Now, Von Neumann's Lemma (Giambruno and Zaicev. Polynomial Identities and Asymptotic Methods. page 50) says that:

Let $\lambda\vdash n, x \in \mathbb{C}S_n$ and $\sigma x\tau=(-1)^{\tau}x$ for all $\sigma \in R_{T_{\lambda}}, \tau \in C_{T_{\lambda}}$. Then $x=\gamma e_{T_{\lambda}}$ for some rational number $\gamma$.

So $ae_{T_{\lambda}}=\gamma e_{T_{\lambda}}$. Hence $h=\gamma g_1$.

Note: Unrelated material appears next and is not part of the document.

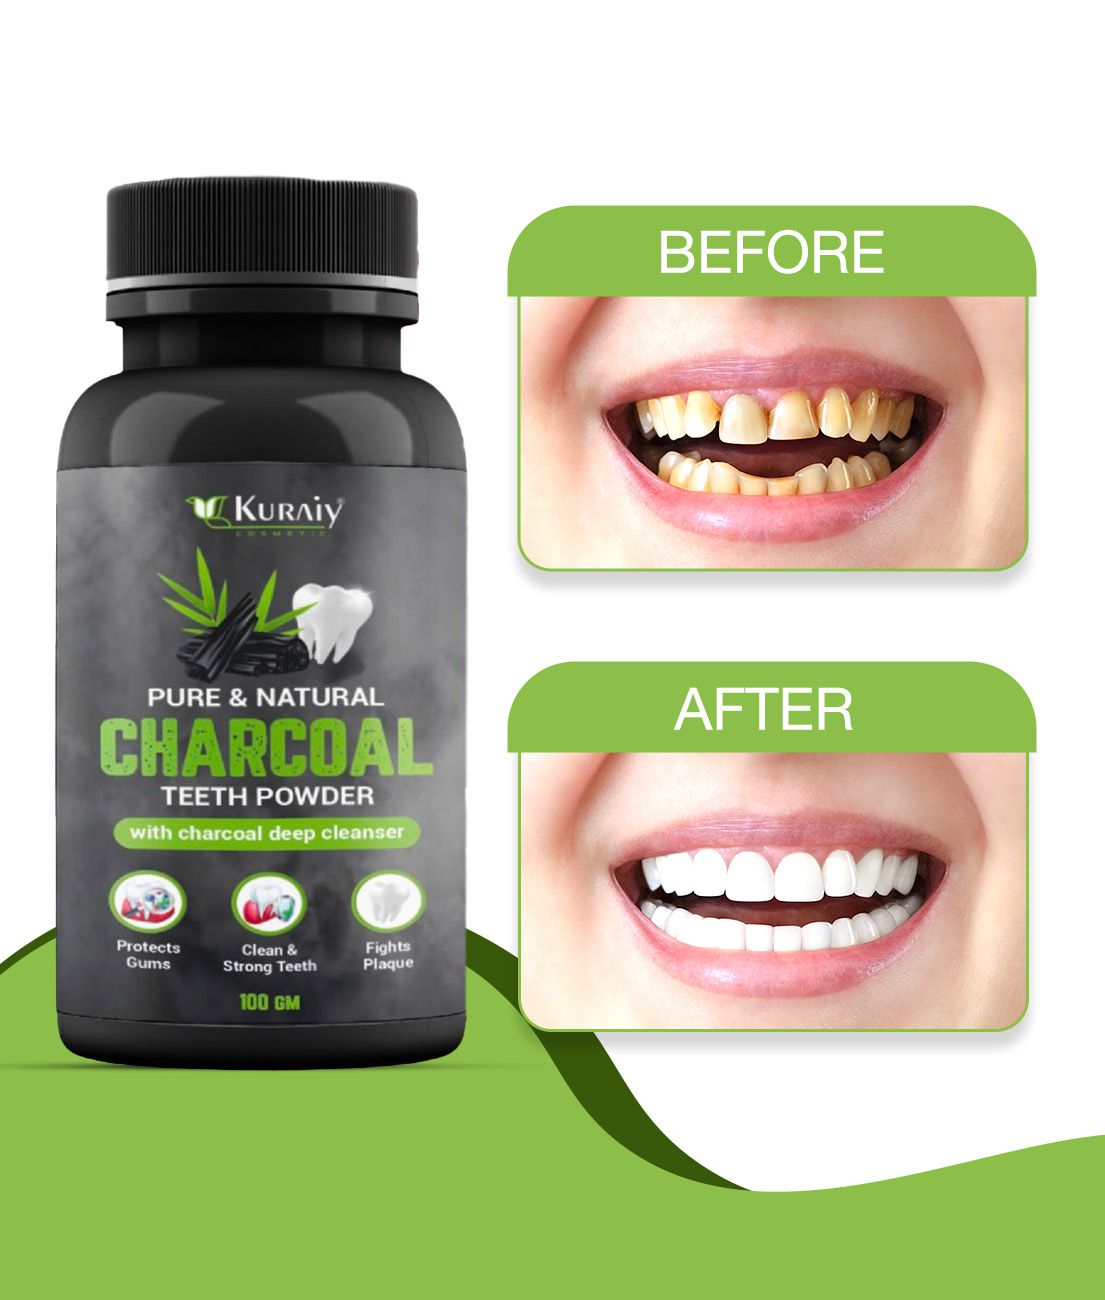     			Kuraiy Safe Teeth Whitening Powder Tooth Brightening Productsteeth Cleaning Toothpaste
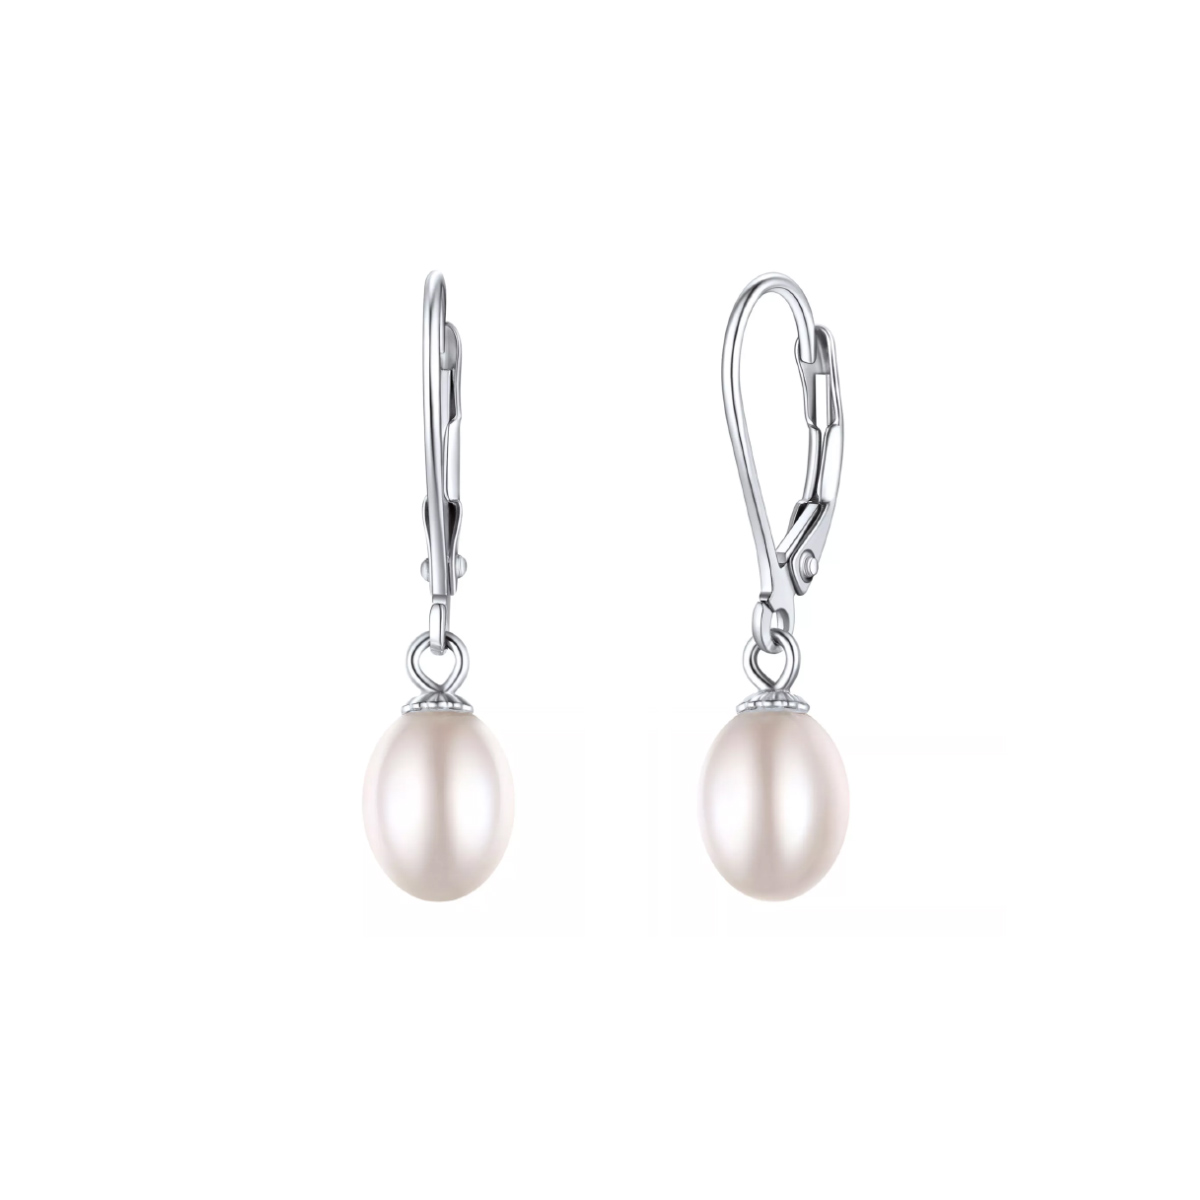 ChicSilver Sterling Silver Freshwater Pearl Dangle Earrings For Women Girl

Now put $g_1=e_{T_{\lambda}}f_1, g_2=e_{T_{\lambda}}f_1, \dots, g_m=e_{T_{\lambda}}f_m$. We have $M=M_1 \oplus M_2 \oplus \dots \oplus M_m$. Let $g \in M$ such that $\sigma g = g$ for all $\sigma \in R_{T_{\lambda}}$. We have that $g=l_1+l_2+ \ldots + l_m$, $g_i \in M_i$. It easy see that each $l_i$ is stable under $R_{T_{\lambda}}$-action. Hence:

$g=\gamma_1 g_1 + \gamma_1 g_1 + \ldots + \gamma_m g_m$

Observe that $g_1, \ldots, g_m$ are independents and generate the vector space;

$S=\{g \in M: \sigma g=g\; \mbox{for all} \;\sigma \in R_{T_{\lambda}}\}$ So $m=dim S$.

But $S=Span\{e_{T_{\lambda}}f_i: i=1, \ldots, m\}=Span\{e_{T_{\lambda}}f: f \in M\}$. Is it right?